The substitution matrix must be a square matrix over amino acid symbols.

Requirements:

- all 20 standard amino acids must be present;
- the matrix may contain either 20 labels or 21 labels if gap (`-`) is provided explicitly;
- row and column labels must match;
- diagonal values must be strictly greater than every other value in the corresponding row and column.

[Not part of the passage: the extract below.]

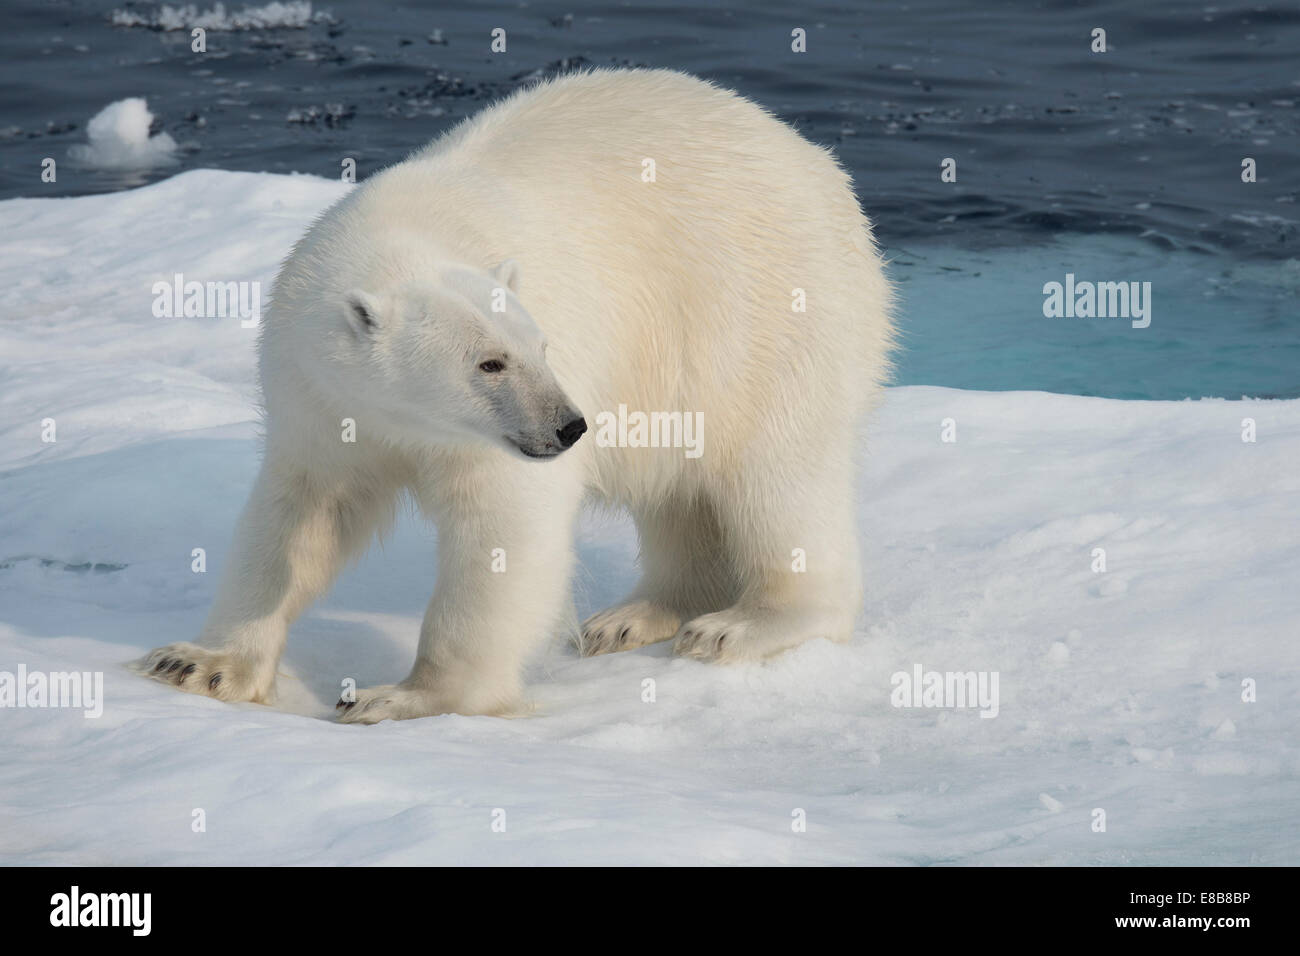 Homme Ours blanc, Ursus maritimus, sur un iceberg, l'île de Baffin, de l'Arctique canadien. Banque D'Images

Whitespace-separated matrices are supported by default.
If your matrix uses another separator, pass it via the `delimiter` argument.

Example:

```text
   A  R  N  D ...
A  4 -1 -2 -2 
R -1  5  0 -2 
N -2  0  6  1 
D -2 -2  1  6 
...
```

#### How gap scores are handled

If the matrix already contains `-`, those values are used directly.

If a gap column is not provided, the gap score for amino acid `a` is derived as the negative diagonal score, i.e. `gap(a) = -score(a, a) * gapFactor`. 
Then the same synthesized value is written to both `aa -> -` and `- -> aa`.
By default, `gapFactor=1.0`.

After that, the score matrix is converted into an internal non-negative cost matrix used by matrix-based search.